I normally use Maya, but I had to switch to Max for my new job, so I'm kind of unfamiliar with it still. I'm trying to figure out if there is a way to unwrap UVs in Max only in the U or V direction rather than both. It's one of my favorite features from Maya because it makes things like architecture, tubes, etc fast and easy to UV map. When I asked my coworkers, they looked at me like I was a crazy person and didn't see the use in doing that. Does anyone know if there is a way or a plugin to do it?
Replies
Noors: I use it mostly for architecture. I could planar map a piece of modeled trim, for example, and snap the edges to the edge of the UV space, then unwrap vertically. That way the UVs space out correctly for the width of the model with no overlap and I can easily tile the texture horizontally. I can make a texture that is just a series of tiling strips and get a ton of use out of the one texture.
For example, this screenshot is from a WIP on my portfolio. I don't have the textures up, but I used the same method here and was able to get almost everything in the room on the same texture map as tiling strips. I would like to be able to do the same thing in Max, but right now I can't find a way to unfold in just one direction at a time.
I don't doubt i'm slightly retarded but i still don't see it.
If your process isn't strictly doable in Max, there's maybe a workaround.
As Noors said, some examples would help.
Also, here is a really awesome plugin for any kind of Planar Mapping work: PolygonMap by Vladislav Gavrilov. Well worth the small fee.
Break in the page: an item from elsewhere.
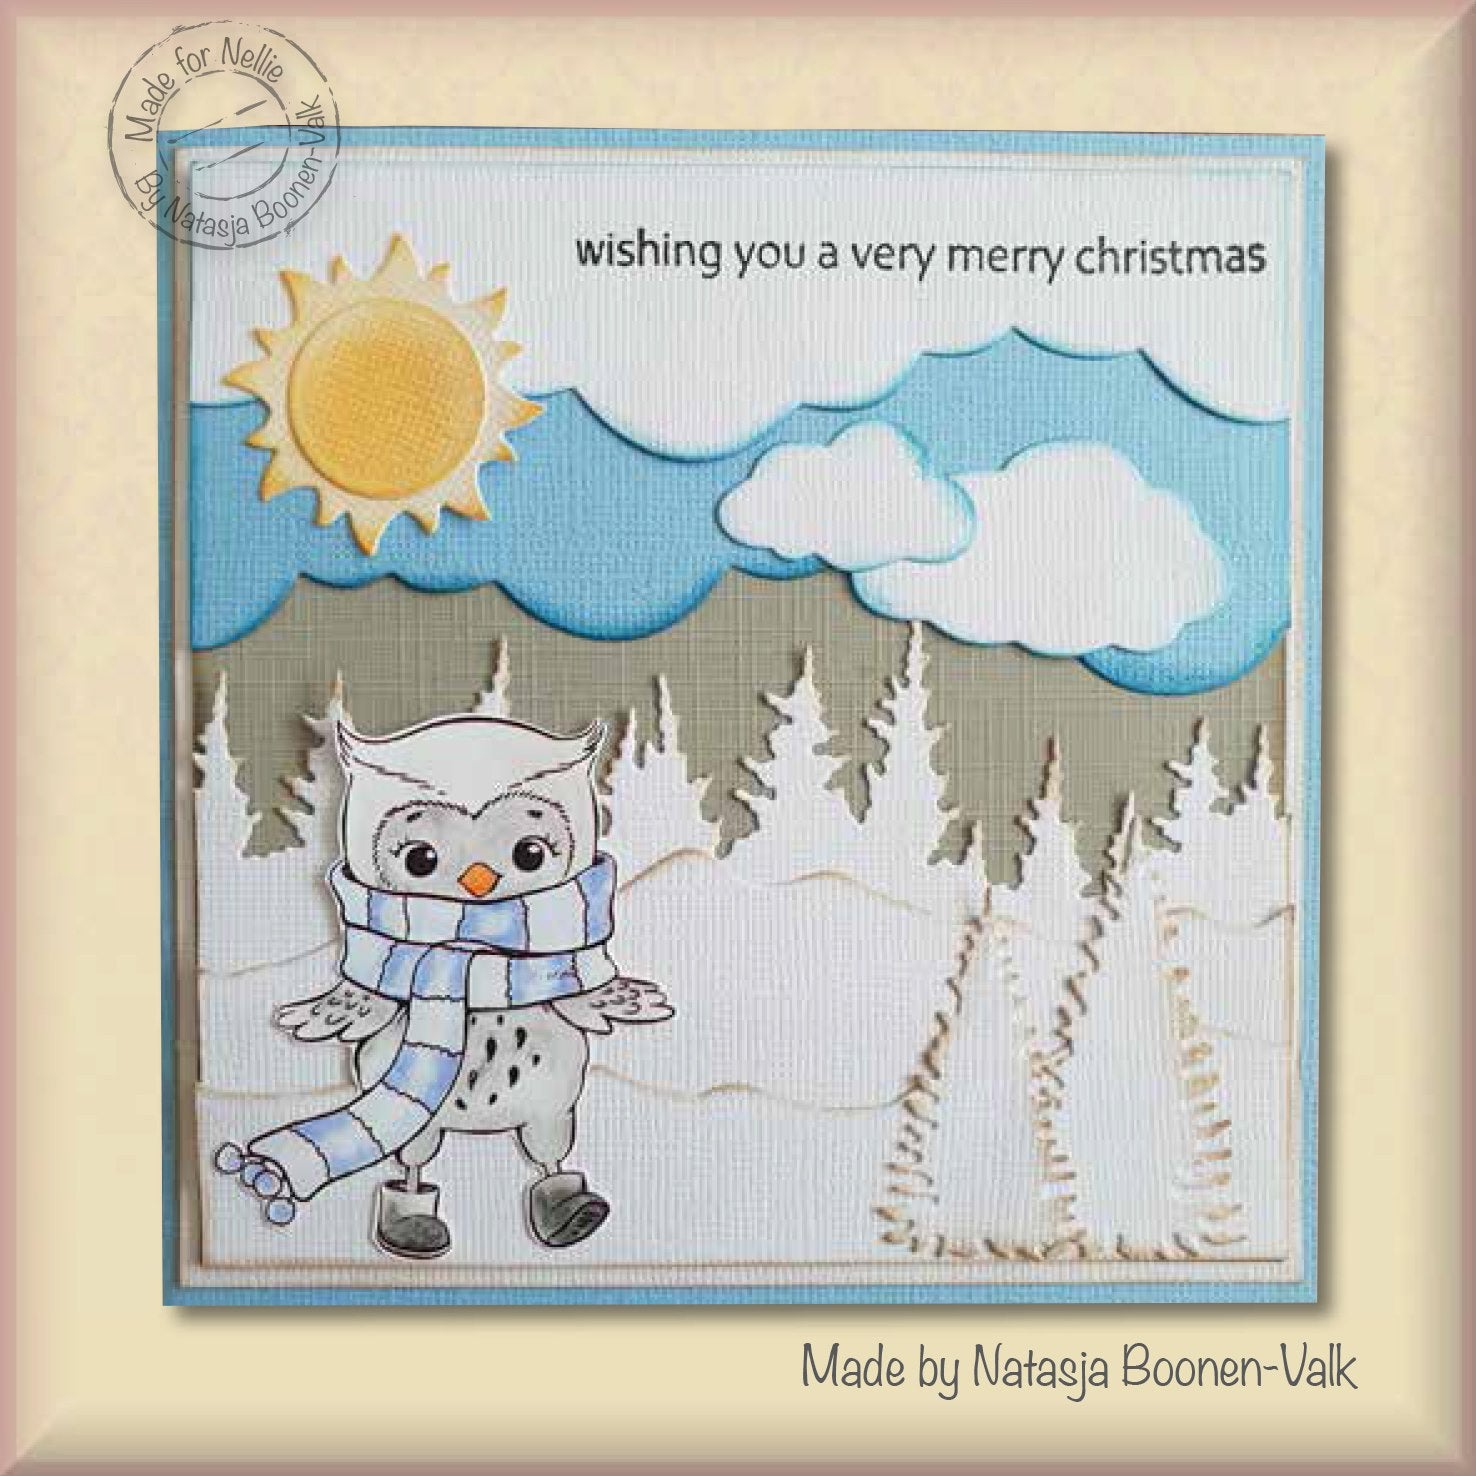 Nellie's Choice Clear Stamp Christmas Cuties Owl With Winter-Scarf

See the screenshots and Youtube videos for explanations and demonstrations.
short answer - no
long answer -
things you could try:
you can use spline unwrapping to straighten out UVs for complex tupe/cabley shapes
you can select a strip of faces and unfold using the walk to next face option - it should come out fairly straight but no guarantees
you could split the mesh along the loops at each awkward corner, quick peel all the hulls together, relax to unify scale and then stitch em back together again. it actually wouldn't take long and since you can trust quick peel to do the job properly it should come out alright
however...
by far the best option is to pre-empt this problem by applying UVs at creation - if you built your trim from a spline or loft there's a create UVs tickybox that'll build you a nice neat set of straight UVs set up to tile along the length of the object. you only need to scale em after that
editing UVs in max is generally a much more pleasant experience than in Maya. I miss the align tools and the unfold constraints but every other aspect of the process is ten times less ballache in max, it just requires a bit of a shift in thinking cos the tools actually do a lot of the work for you.